I'm impressed with the effort you must have gone to though. No small undertaking. I don't know what you could do to improve it now, but maybe others could help.
Richard C,
I dont understand why you say that this has reduced the value of the house by thousands. Can you expand on this?? I suspect not. Maybe as a 'professional' you would notice that it was not done by the trade, but anyone else?

Fair play Mark for having a crack, which is what DIY is all about. That job looks mighty intimidating for the DIYer. As you say, you have successfully completed what you started out to do, problem solved.

Loving the satellite on the scaffold btw. :LOL:
Richard C,
I dont understand why you say that this has reduced the value of the house by thousands. Can you expand on this?? I suspect not. Maybe as a 'professional' you would notice that it was not done by the trade, but anyone else?

Undertaking a job like that is a huge amount of effort for DIY & the OP can be commended for not shrinking from it but, I’m afraid there is no kind way to say it; it looks pretty awful up close! Personally, I’d rather have the property in need of re-pointing & get it done properly, unfortunately, that would involve even more work now &, hence, much higher cost.

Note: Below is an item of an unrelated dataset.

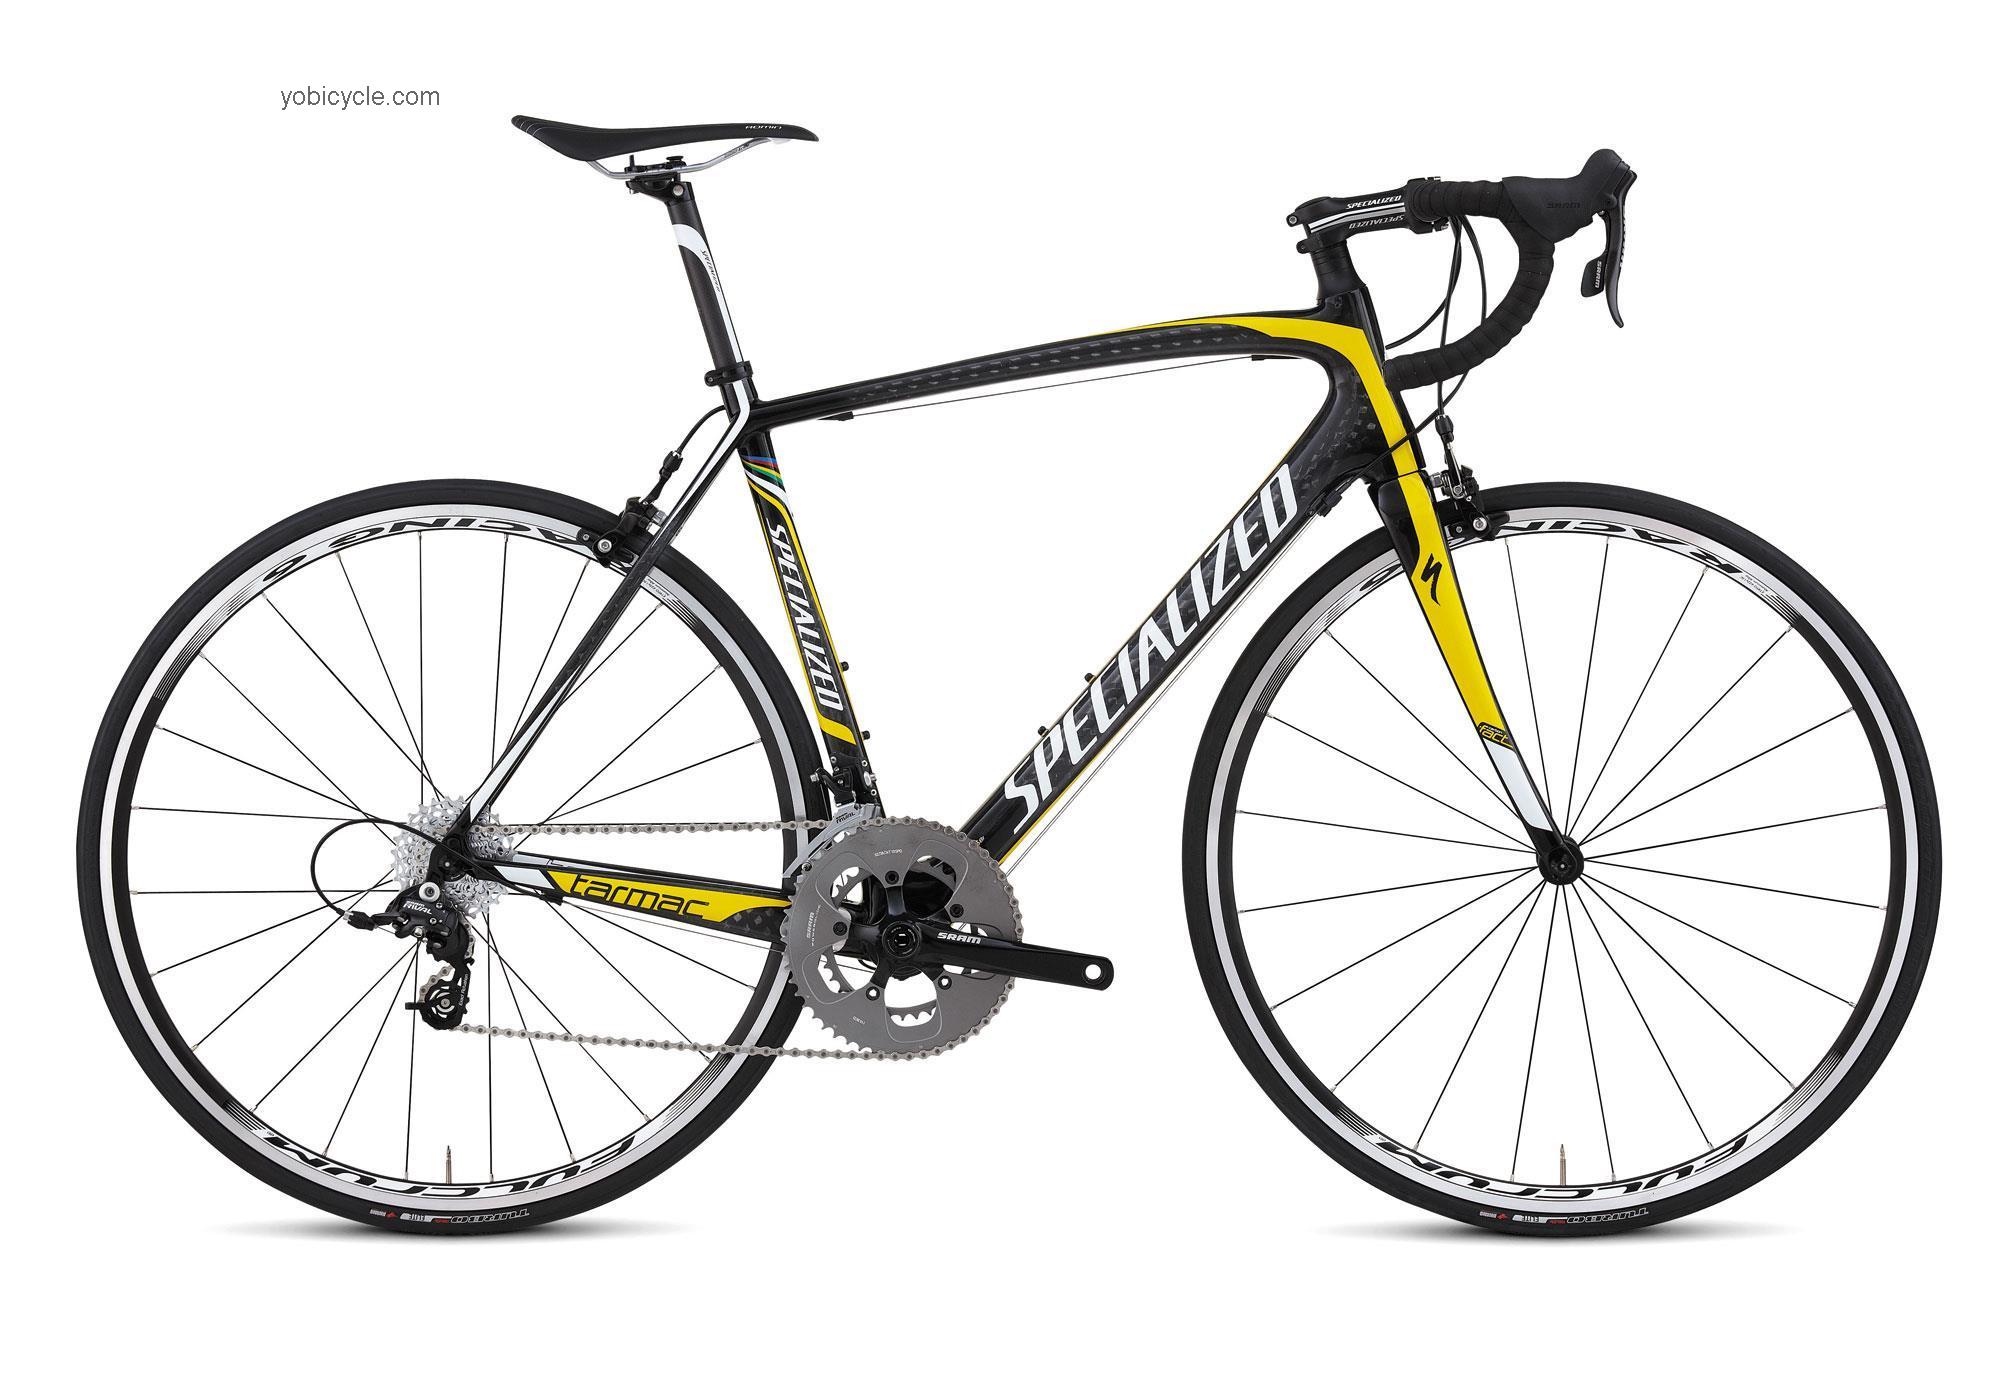 Specialized Tarmac EliteRival M2 competitors and comparison tool online specs and performance

The OP requested opinions &, along with others, I expressed my ‘genuine’ opinion which the OP accepted without any indignation. You obviously have a different opinion & you are equally entitled to express it but I don’t know understand why you’re having a pop at me! I’m not a professional in that I do this sort of thing for a living but I do a little work for others & I’m undertaking an extensive property renovation, mostly single handed. I’m all for DIY & offer help & advice to other like minded souls on this Forum but I have high standards & believe in doing a professional job. It doesn’t happen very often but if I think something is beyond my capabilities or the finished result may not look as good as I think it should, I get a man in that can. A person should always strive to improve their skills but don’t practice where the end result is going to be very visible; & you can’t get much more visible than the outside of a house!
Hi Richard C,

Not my intention to have a pop, and in reading your message understand where your coming from. It's just that I prefer positive critique, and in reading your post I thought that if i had spent all that time and effort doing quite a major DIY job and feeling pretty chuffed about it, i'd get pretty down after reading your comment.

But having said that I suppose, as you say, the OP asked for others opinions.
I made a mess of my first attempt at repointing a few years ago, looked very similar to the OP's pictures. While I'm not keen on painted brickwork, the pointing looked so bad I decided to go ahead and paint it anyway.

After it was painted, the pointing looked fine. So maybe this is a possible solution if the house was going to be put on the market?
I must agree. it doesn't look nice


Hats off to the Gentleman for his attempt. If you've been ripped off by so called Tradesmen it's tempting to do it yourself.
I was wondering whether a good going over with a wire brush may clean some of the cement off the brickwork and make the mortar bed look crisper. If the bricks are already spalling any damage would be minimal.
I see that next door hasn't got a ground floor window but you have.

What size lintel have they put over your window?